Not to alarm anyone, but.....
B.1.1.7: Status & Tracking in the U.S.
Bookmark this link:
Helix SARS-CoV-2 Viral Sequencing
Tableau Public
Just a reminder about this Helix link. Florida in the lead, followed by Texas and California. Florida looks to go 50% B.1.1.7 by mid-March.
If you squint, you could probably argue that Florida seems to be struggling to bring down their cases, as compared to other states. B.1.1.7? Maybe.
Texas is a bit harder to gauge due to recent irregularities in the data from the storm.
New York and New Jersey also are showing trends in the wrong direction. (Not sure whether it has anything to do with that local variant there that we don't know much about.)
Places like North Dakota, really hard hit and hitting it hard with the vaccine, are doing very well and are probably past the point of any concern for resurgence (assuming no immune escape).
Just need to keep pumping out that vaccine and getting it into arms.
To put in perspective, we went from 12% of population infected to 25% in 2.5 months in a massive surge. It look a month of explosive growth (from the levels we are currently at) to hit 4% of the population. Future outbreaks will be less explosive due to increased levels of immunity.
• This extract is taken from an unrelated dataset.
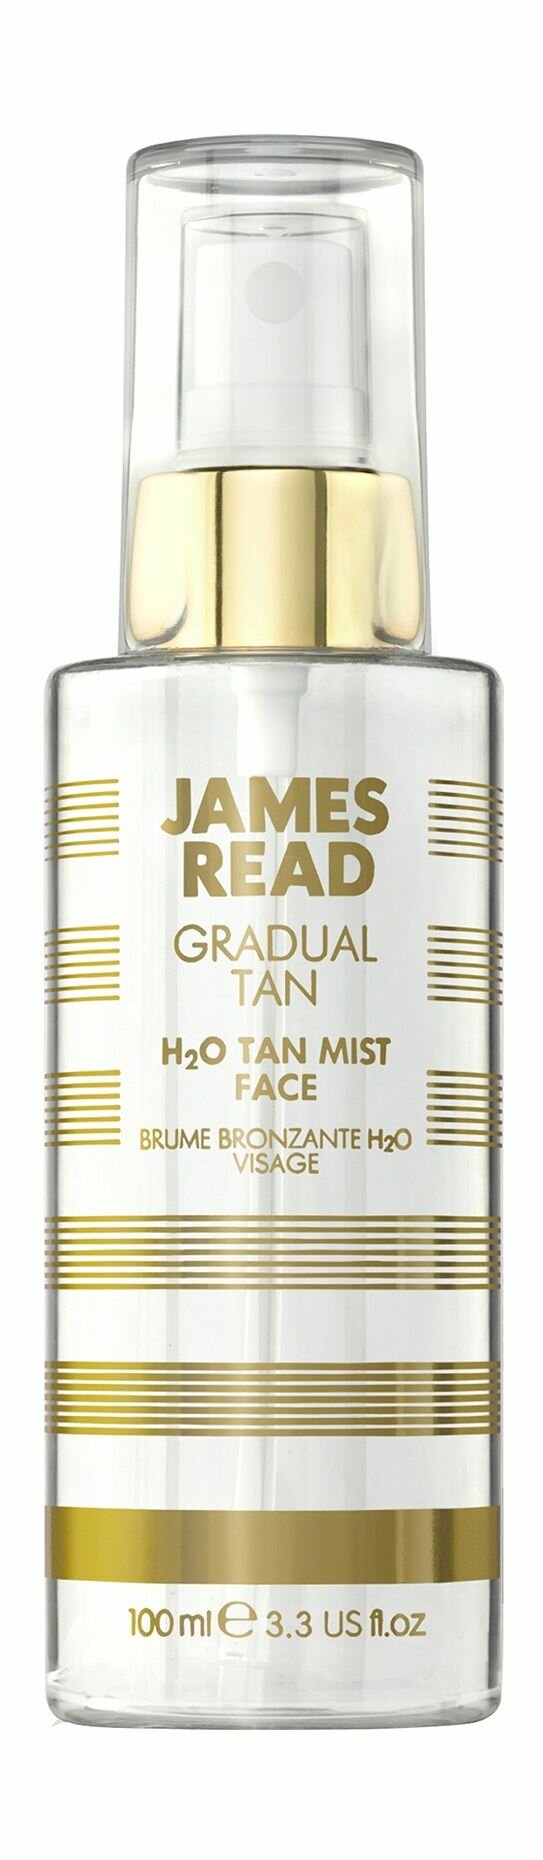 Спрей-автозагар для освежающего сияния лица / James Read Gradual Tan H2O Tan Mist Face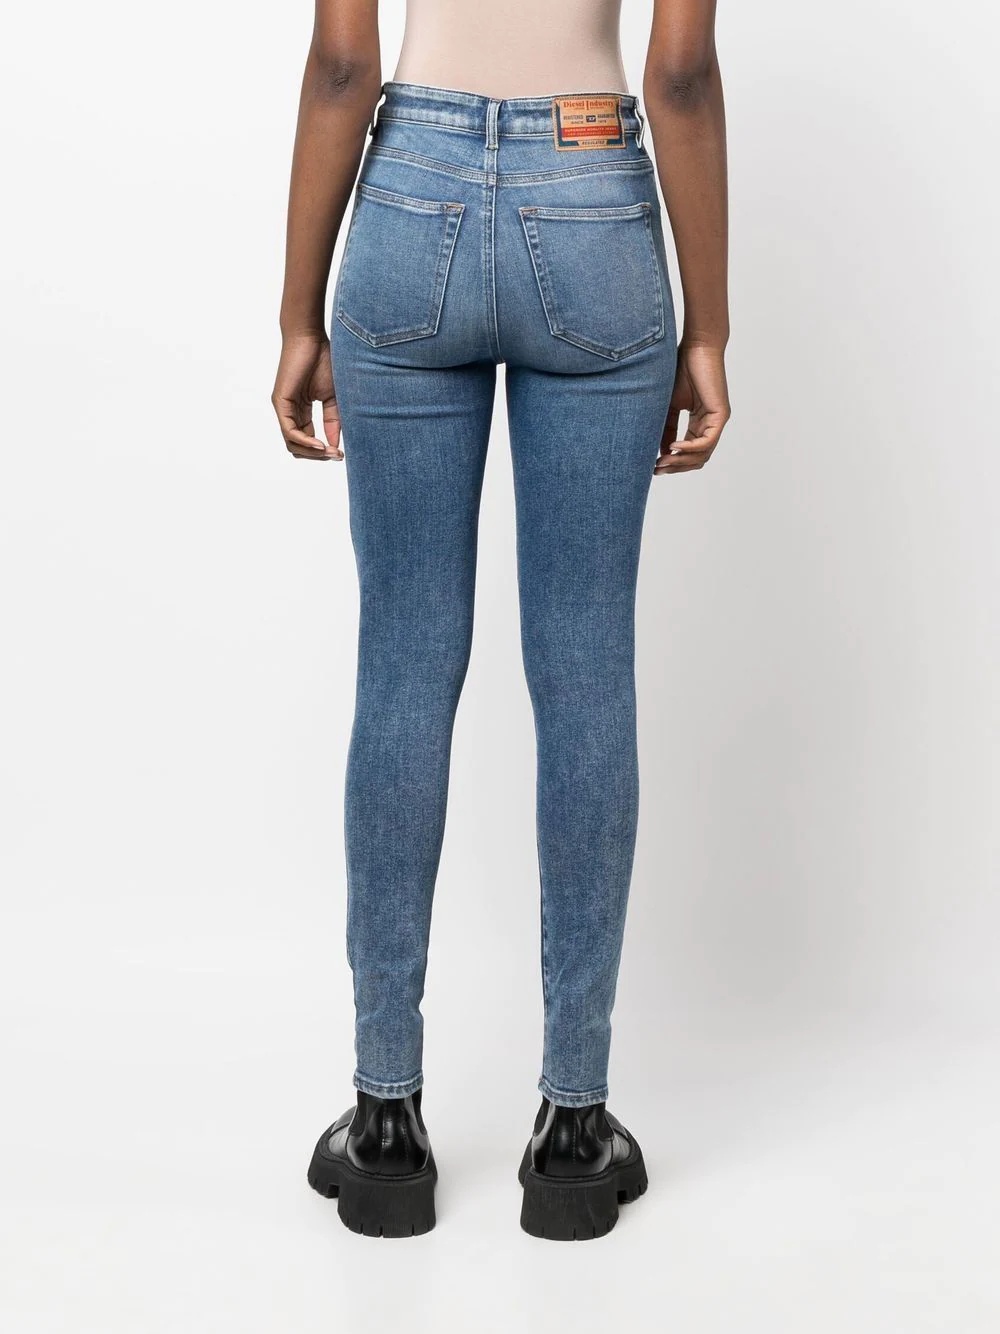 1984 Slandy high-waisted skinny jeans - 4

They could still be massive. But it takes time. We'll vaccinate over 10% of the population in the next month (at least 5x as many people as get infected).
So: Time is (for the most part) on our side. That's what the projections are saying (
Path to Herd Immunity - COVID-19 Vaccine Projections) It says that we'll probably double our case level (with lower mortality) from current levels (he's having to adjust his vaccination numbers up so this may be pessimistic). And then we'll be mostly done. Another ~23k deaths from an additional 15 million infections (assuming IFR of 0.15% going forward),
not counting deaths from ongoing, current, infections and deaths not yet reported (a much higher total). Bad, but not like what we have been through.
I think the magnitude of that peak is dependent on vaccinations, for the most part, with a small contribution of what restrictions are in place.
And of course the worst-case scenario of rampant immune escape (still no evidence of that happening in vaccinated individuals), with no protection from death from vaccination, is not assumed here.
Good news: vaccines generated for the the South African B.1.351/501Y.V2 variant likely will be quite "backwards compatible." Neutralizing titers from convalescent plasma against the original virus were only reduced a factor of 2.3x relative to the original plasma response. (A 4.1x decline relative to the 501Y.V2 response, the reason for the discrepancy being a stronger response in general to 501Y.V2)
Escape of SARS-CoV-2 501Y.V2 from neutralization by convalescent plasma
So this suggests that the future vaccine boosters might be able to have a single component, though who knows what they'll decide to actually do.